Oliver lands himself in big trouble while watching The Dodger employ his skills. He’s mistaken for the thief and winds up in jail. But Oliver’s fortunes change when he’s cleared of all charges and taken in by the kind and wealthy Mr. Brownlow (Edward Hardwicke). Just when Oliver believes he’s found happiness, his troubles begin anew when Fagin’s partner, the vile criminal Bill Sykes (Jamie Foreman), decides to use him to rob Mr. Brownlow. Oliver soon finds himself in a web of murder and deception, where the life he must save is his own.

Charles Dickens wrote Oliver Twist almost two hundred years ago, but the plight of abandoned children still remains the same. Polanski embraces this theme and takes great pains to show how helpless Oliver really is. The boy is beaten, bloodied, starved, and threatened throughout the film. He’s rarely treated with gentleness. Adults, except for Mr. Brownlow, see Oliver as someone that can be exploited for their personal gain. It’s a grim reality and Polanski wants his audience to understand it. But he treat’s Oliver as a complex character that is able to forgive the people who have harmed him. In the film’s most emotional scene, Oliver thanks Fagin for saving his life, even though Fagin turned him over to Bill Sykes. It is a moment of redemption beautifully captured and shows Oliver’s keen perception of his surroundings.

Polanski does a superb job casting the film. Ben Kingsley, who will see another Oscar nomination for this role, is absolutely amazing as Fagin. He takes one of history’s great literary characters and transforms him into something completely his own. The glint in Fagin’s eyes when he opens his jewelry box, his high-pitched voice, his stooped, cowering nature; it all belongs to Kingsley’s eccentric interpretation. He immerses himself in Fagin and becomes unrecognizable. Alec Guinness and Ron Moody were highly acclaimed Fagin’s in previous versions of Oliver Twist. Kingsley distinguishes himself from those performances. Every actor playing Fagin from this point will undoubtedly be compared to Kingsley’s.

Polanski used the same team from “The Pianist” to make Oliver Twist. These people are truly expert filmmakers. Every facet of this film superbly done, the production is just a glory to behold on screen. Film is a collaborative art form and it’s rare to see everything fit so cohesively together.
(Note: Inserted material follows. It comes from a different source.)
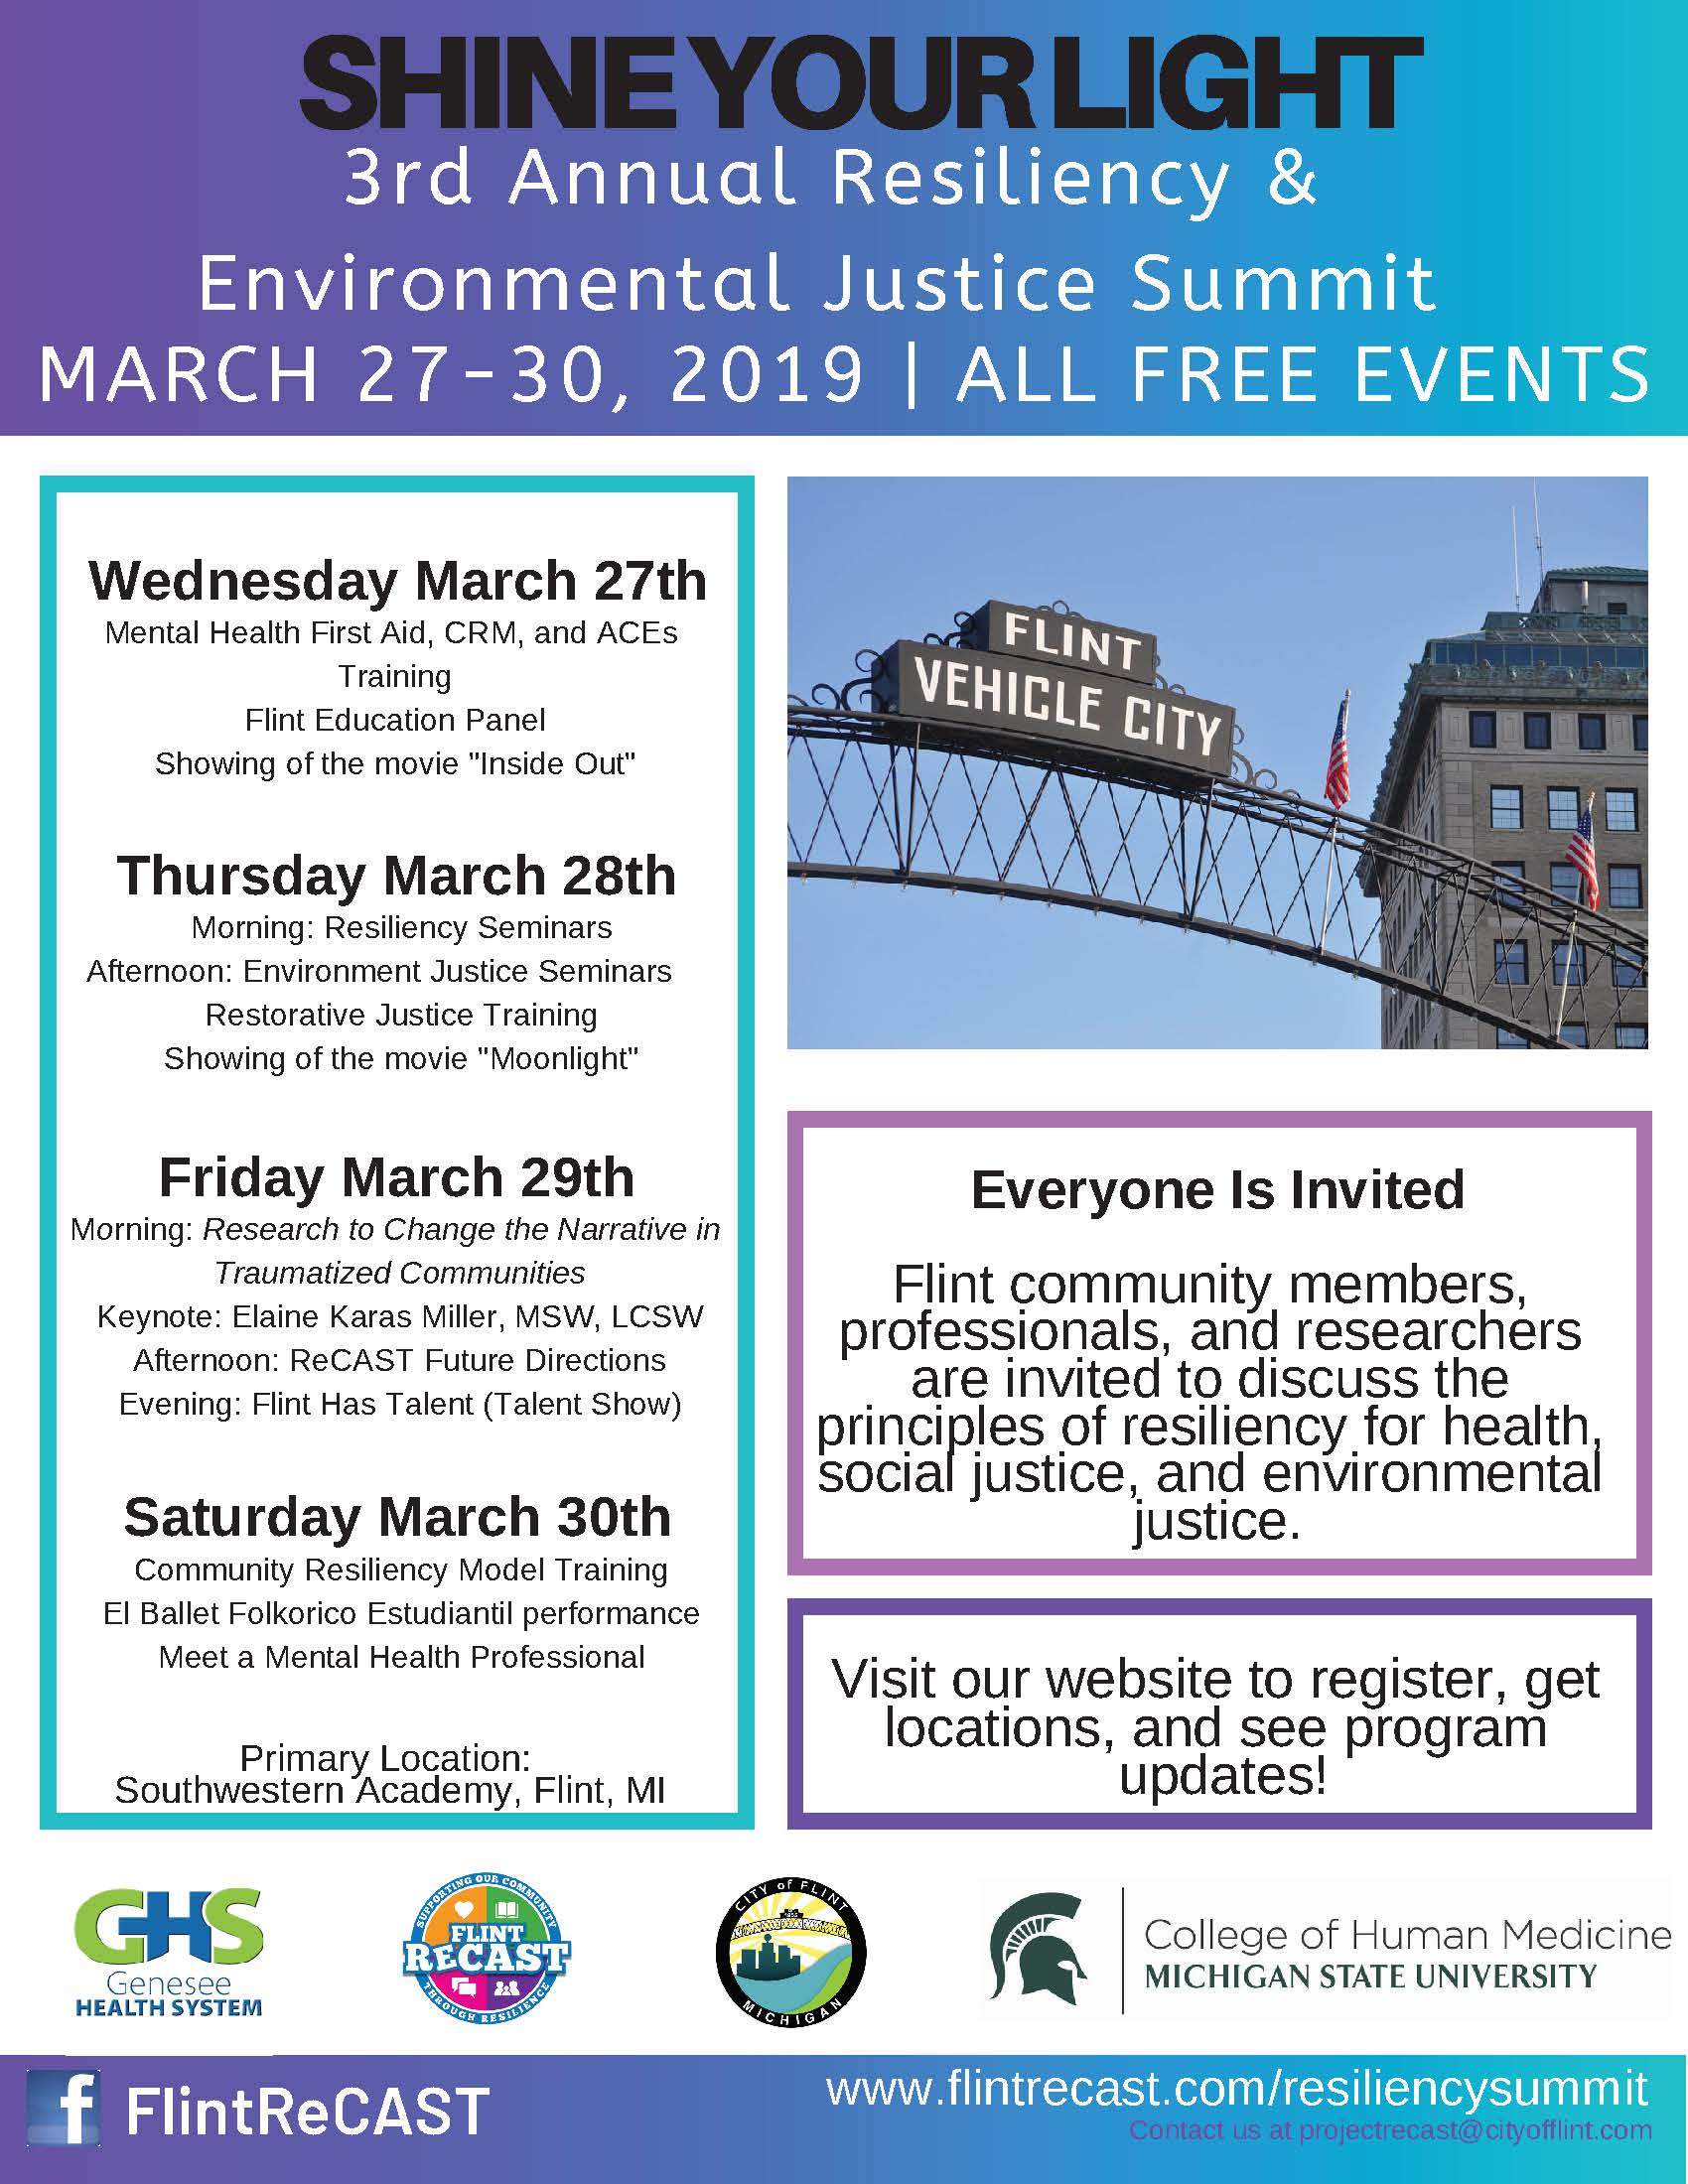 3rd Annual Flint Resiliency & Environmental Justice Summit

I was in awe of this film’s look from the opening frame. The costumes, sets, cinematography, and editing are easily among the best of the year.

Oliver Twist is a great film in a sea of mediocrity currently in theaters. It won’t have a major release, so audiences will have to search to find it. A few have criticized Oliver Twist for being too dark and didn’t recommend it for children. That is utter nonsense. Oliver Twist is a highly pertinent film in today’s world. Children would sympathize with Oliver’s travails and hopefully gain some understanding of what the less fortunate have to endure.